• Exercise data:
----

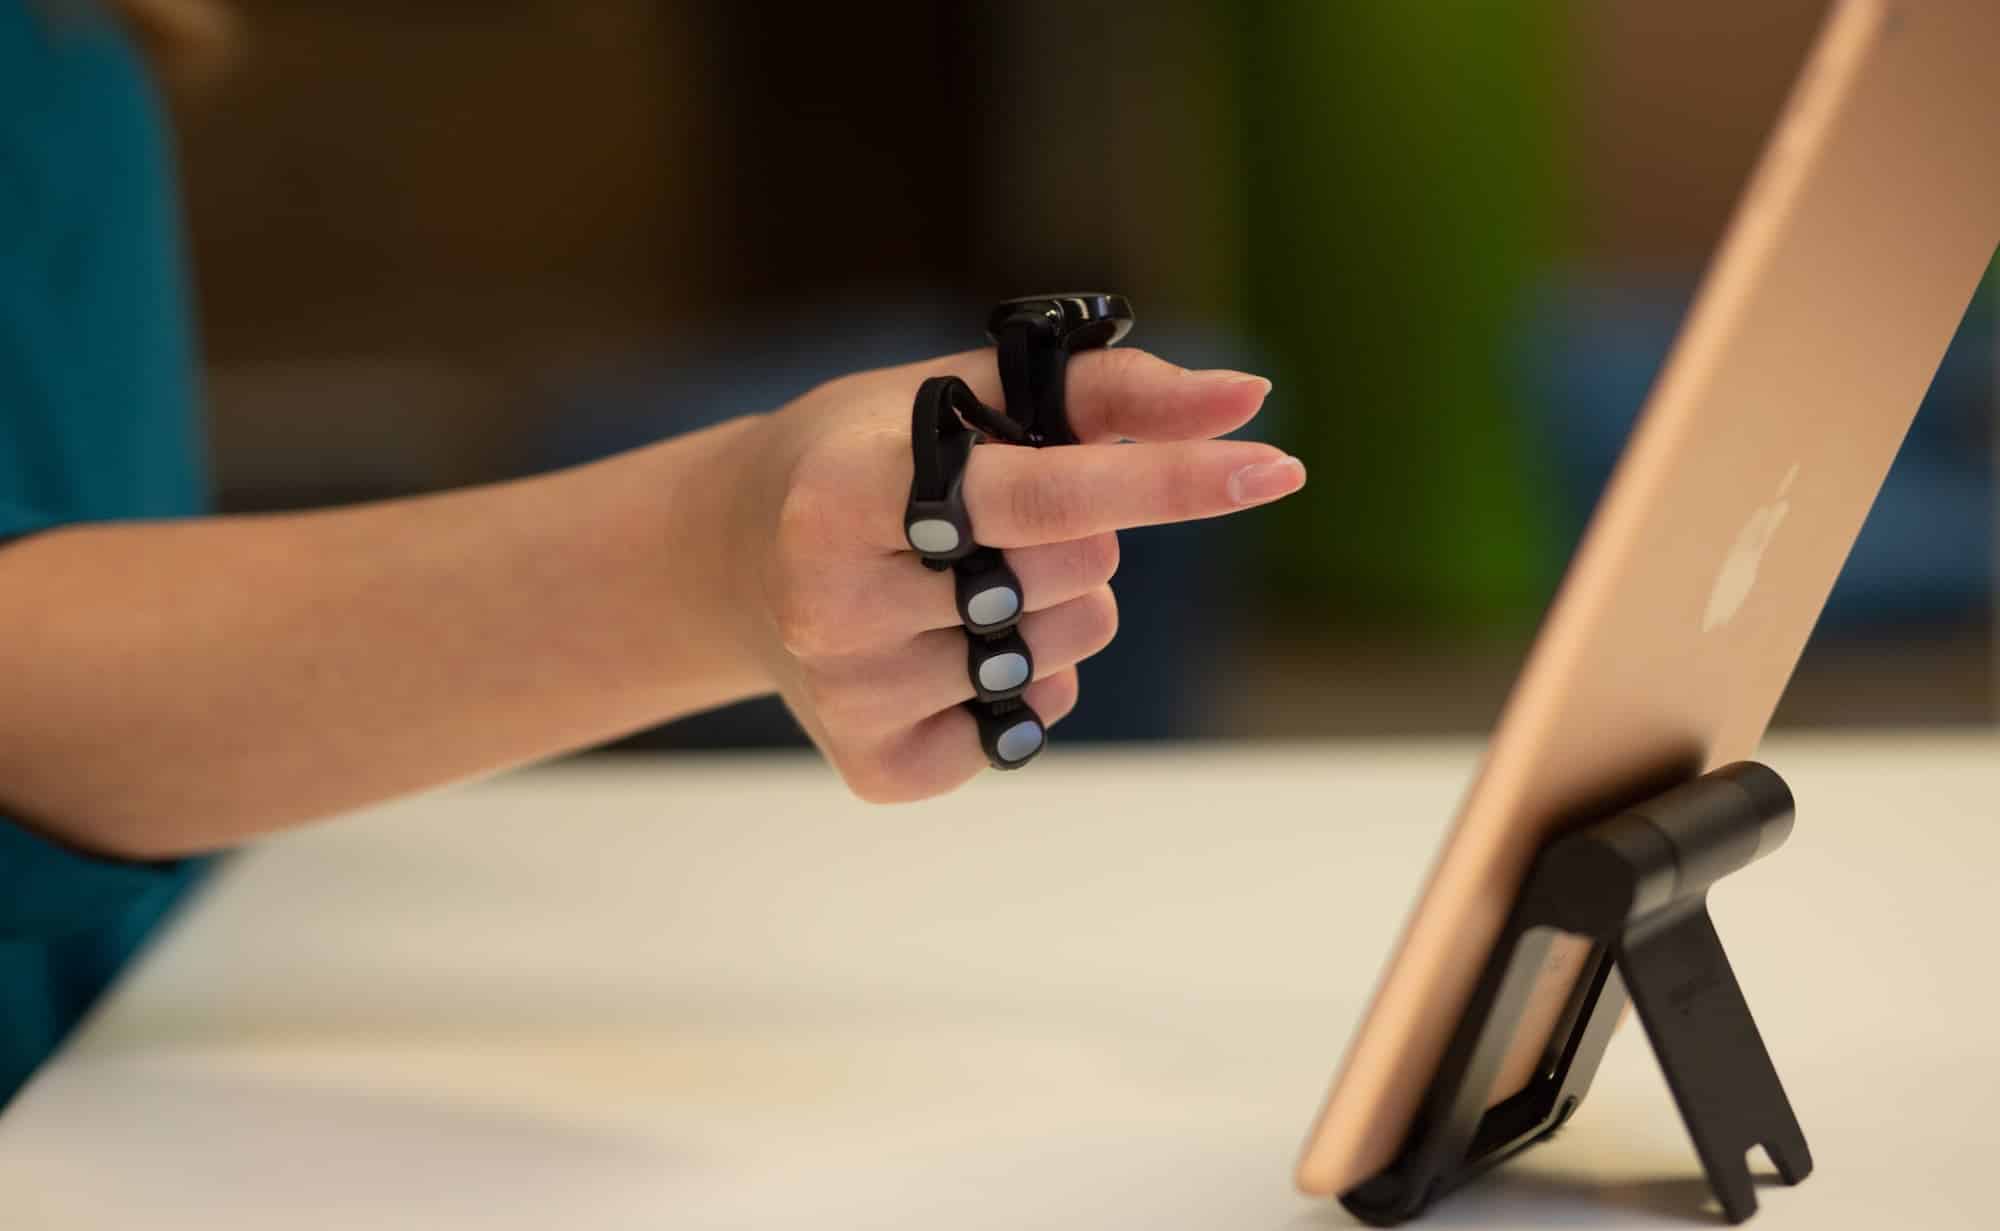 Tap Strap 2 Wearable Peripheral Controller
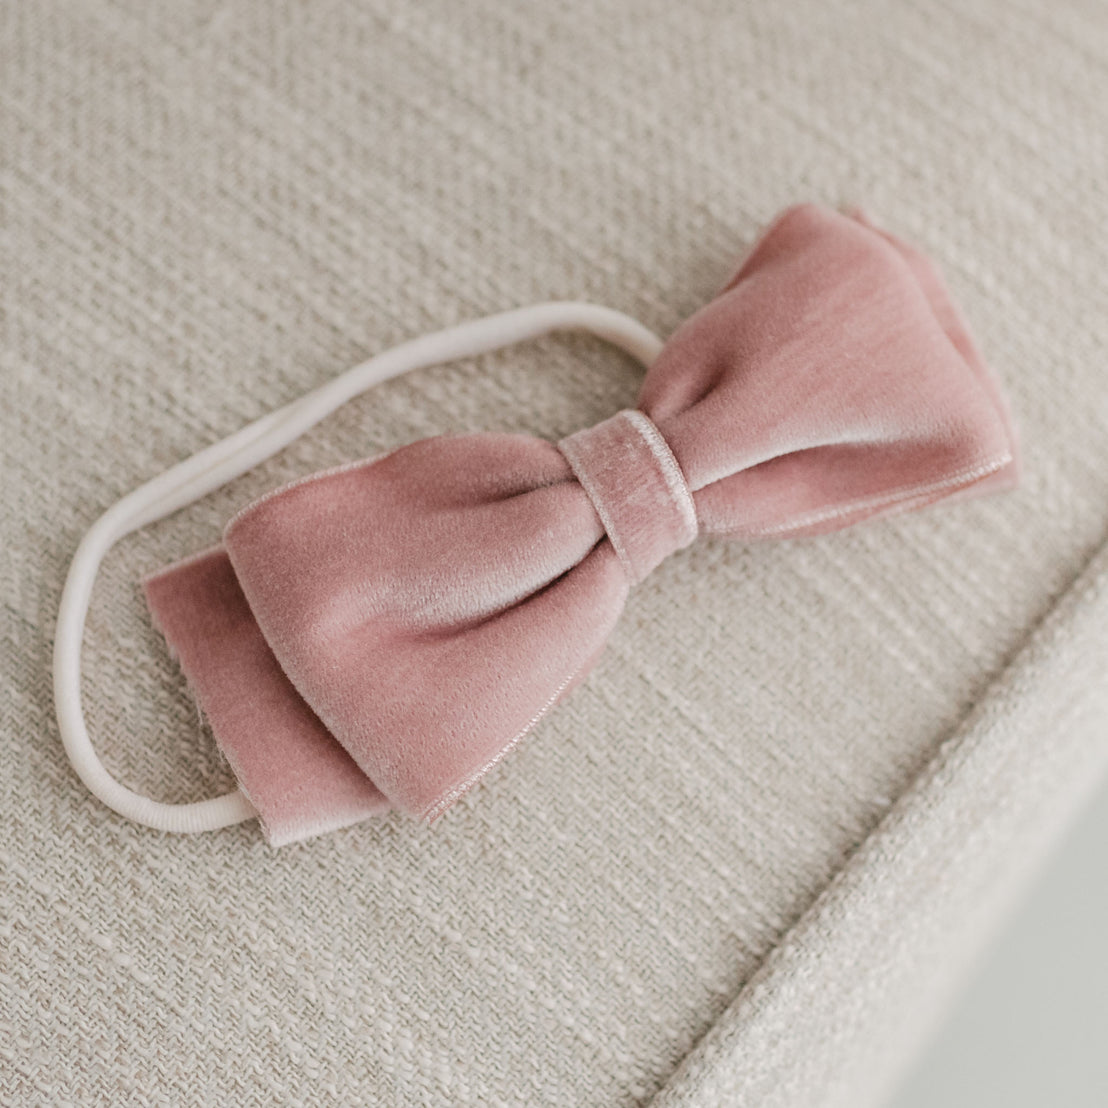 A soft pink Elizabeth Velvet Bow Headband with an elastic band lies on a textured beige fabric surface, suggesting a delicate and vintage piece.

----

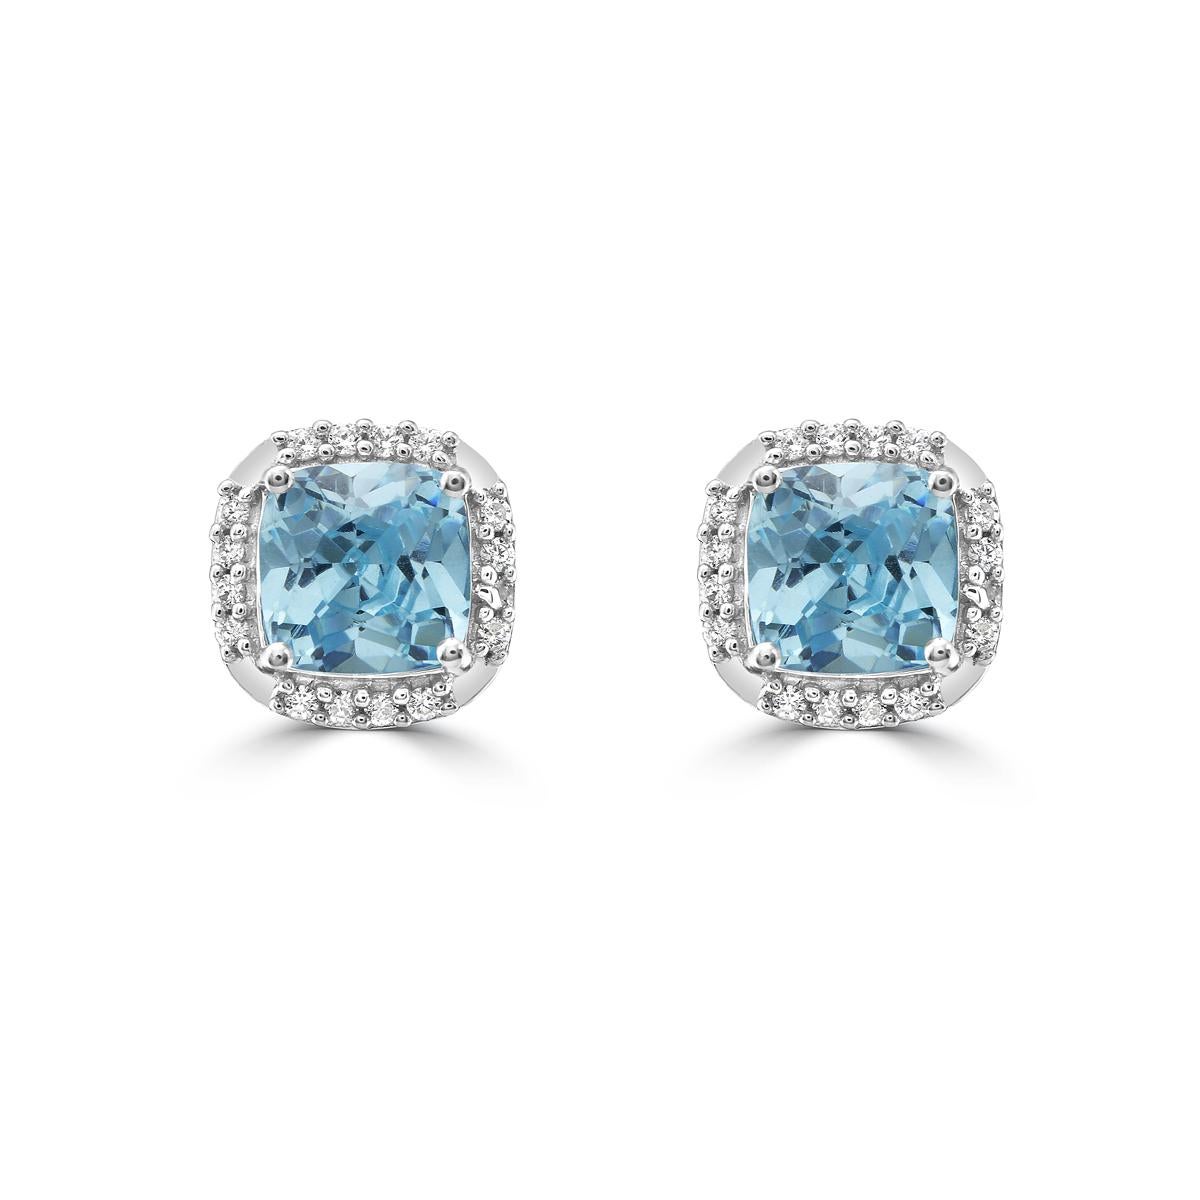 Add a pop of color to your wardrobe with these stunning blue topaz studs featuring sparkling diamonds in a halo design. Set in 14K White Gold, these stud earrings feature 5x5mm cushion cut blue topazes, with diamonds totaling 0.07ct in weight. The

----

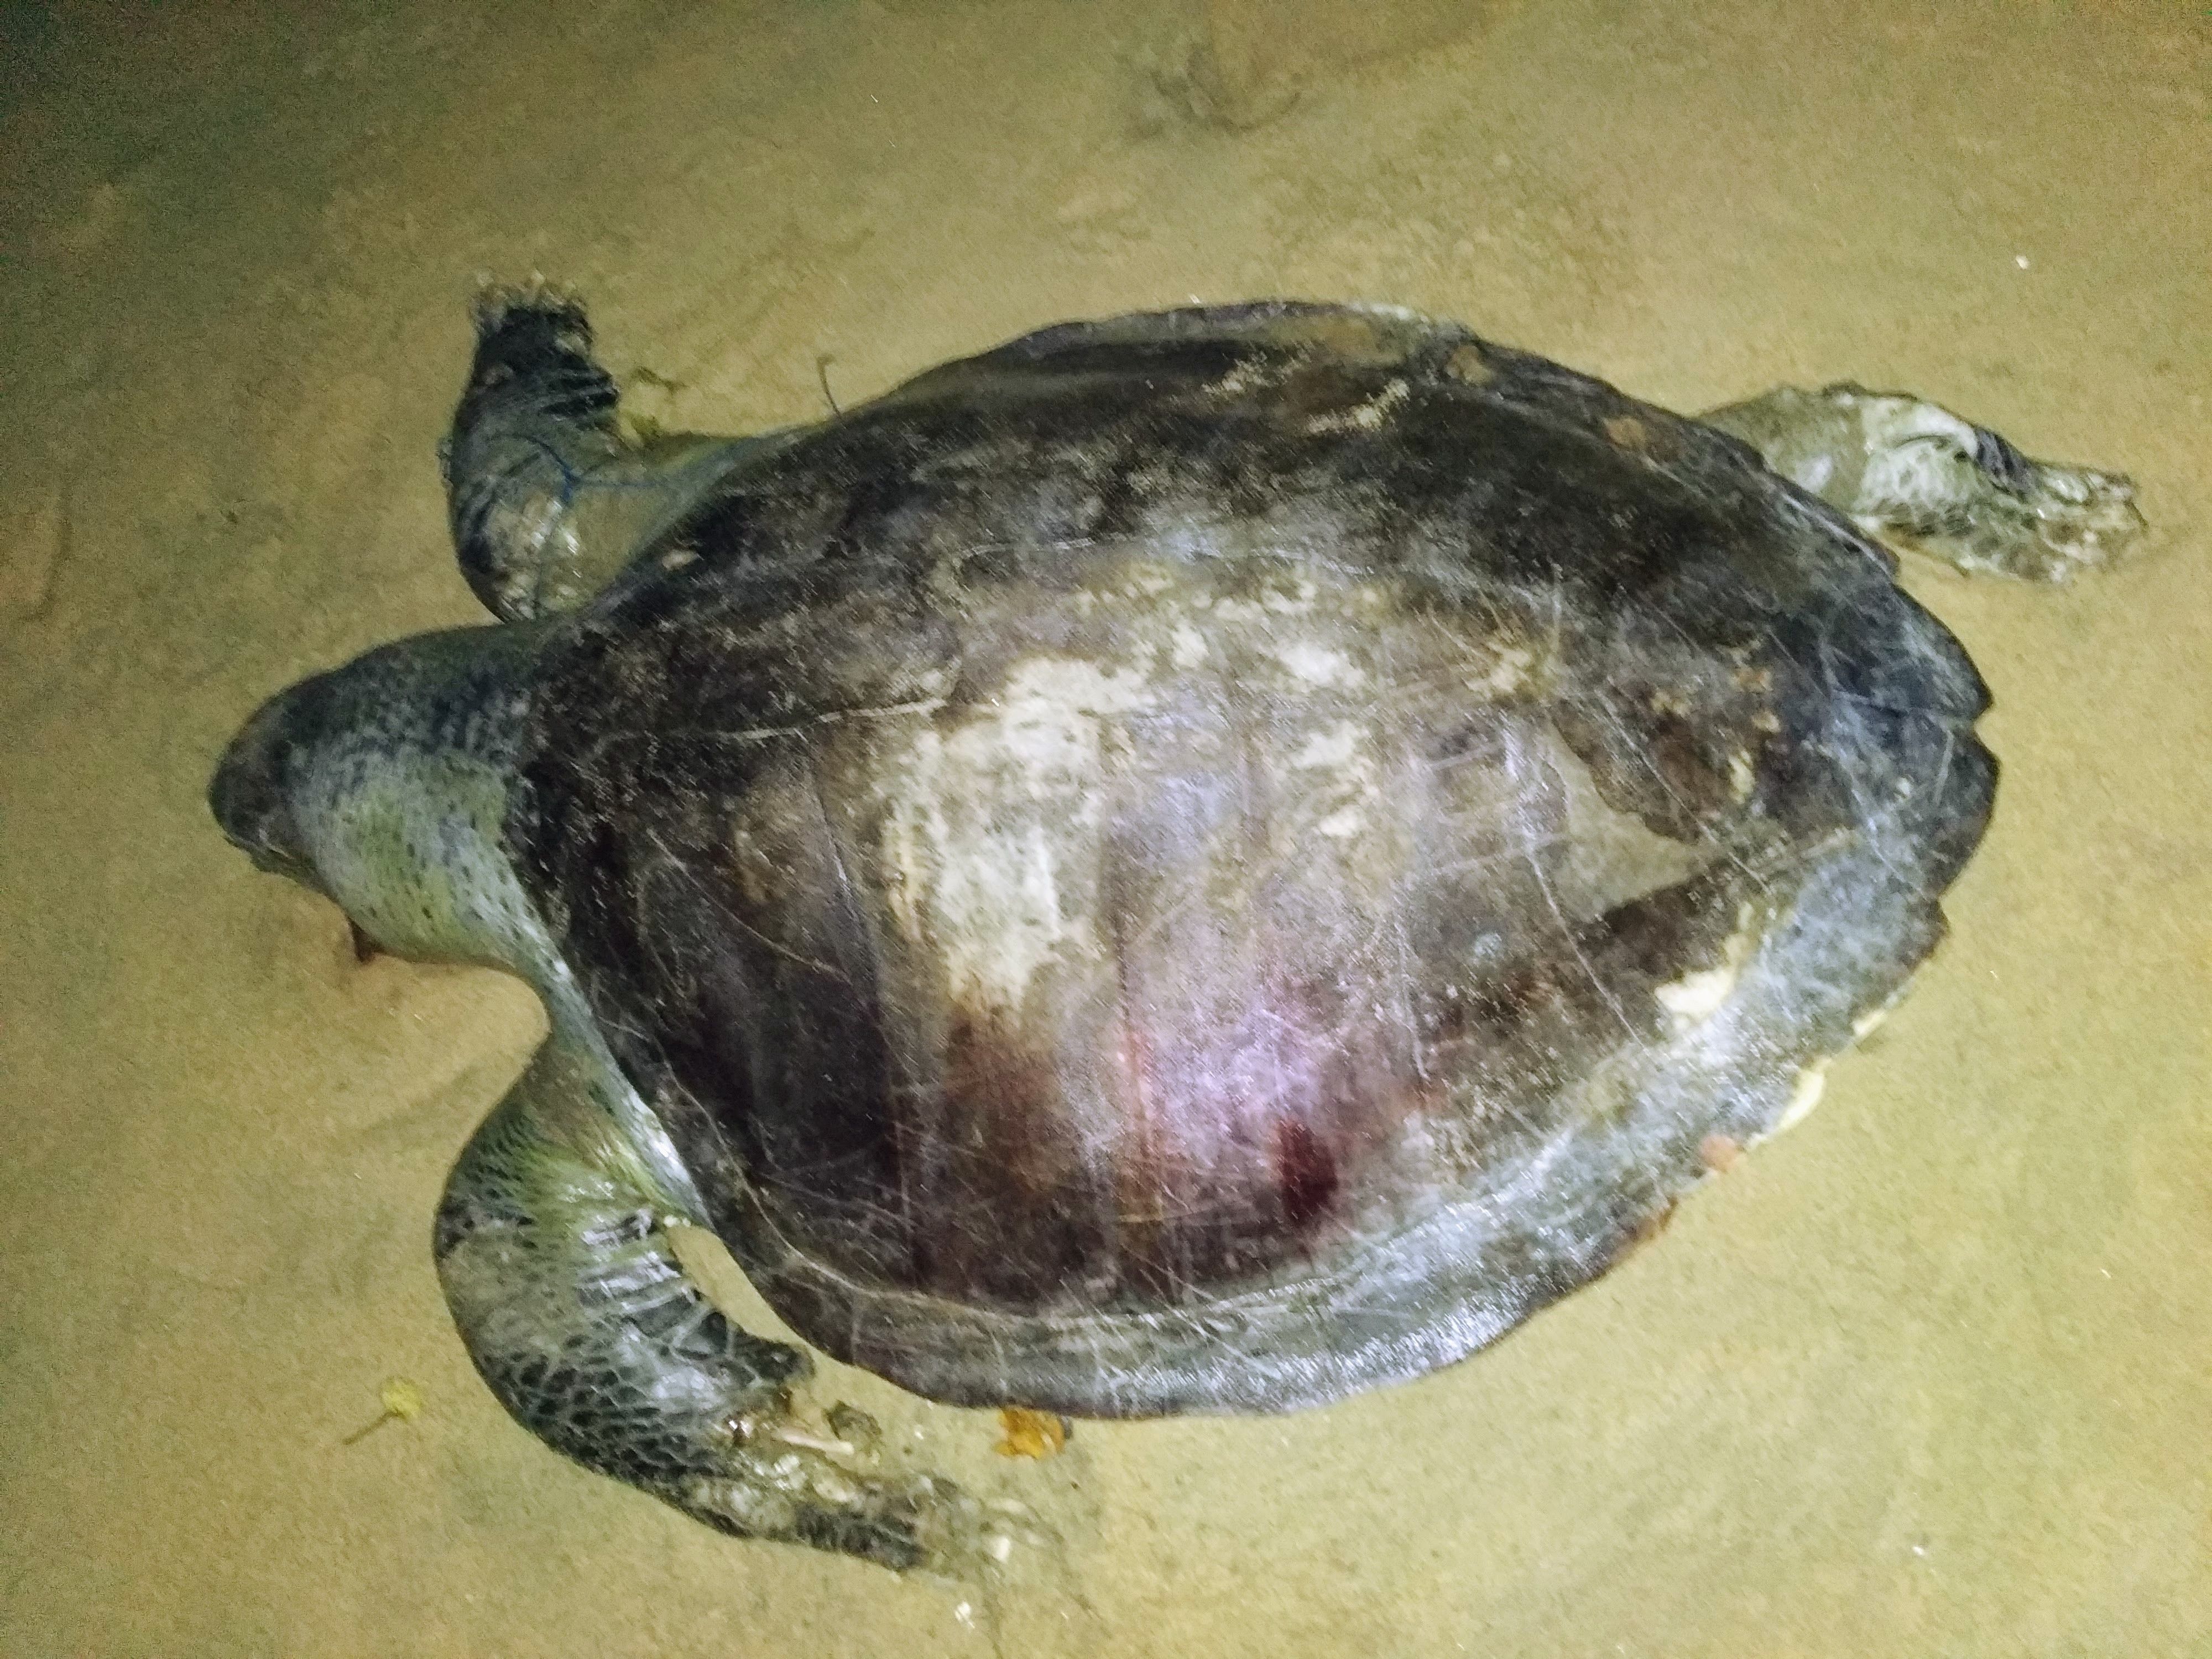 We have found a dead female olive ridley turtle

----

Reproduce the lines above starting at the one with "Tap Strap 2 Wearable Peripheral Controller" and ending at the one with "A soft pink", both included, exactly and with no pictures.

 Tap Strap 2 Wearable Peripheral Controller
 A soft pink Elizabeth Velvet Bow Headband with an elastic band lies on a textured beige fabric surface, suggesting a delicate and vintage piece.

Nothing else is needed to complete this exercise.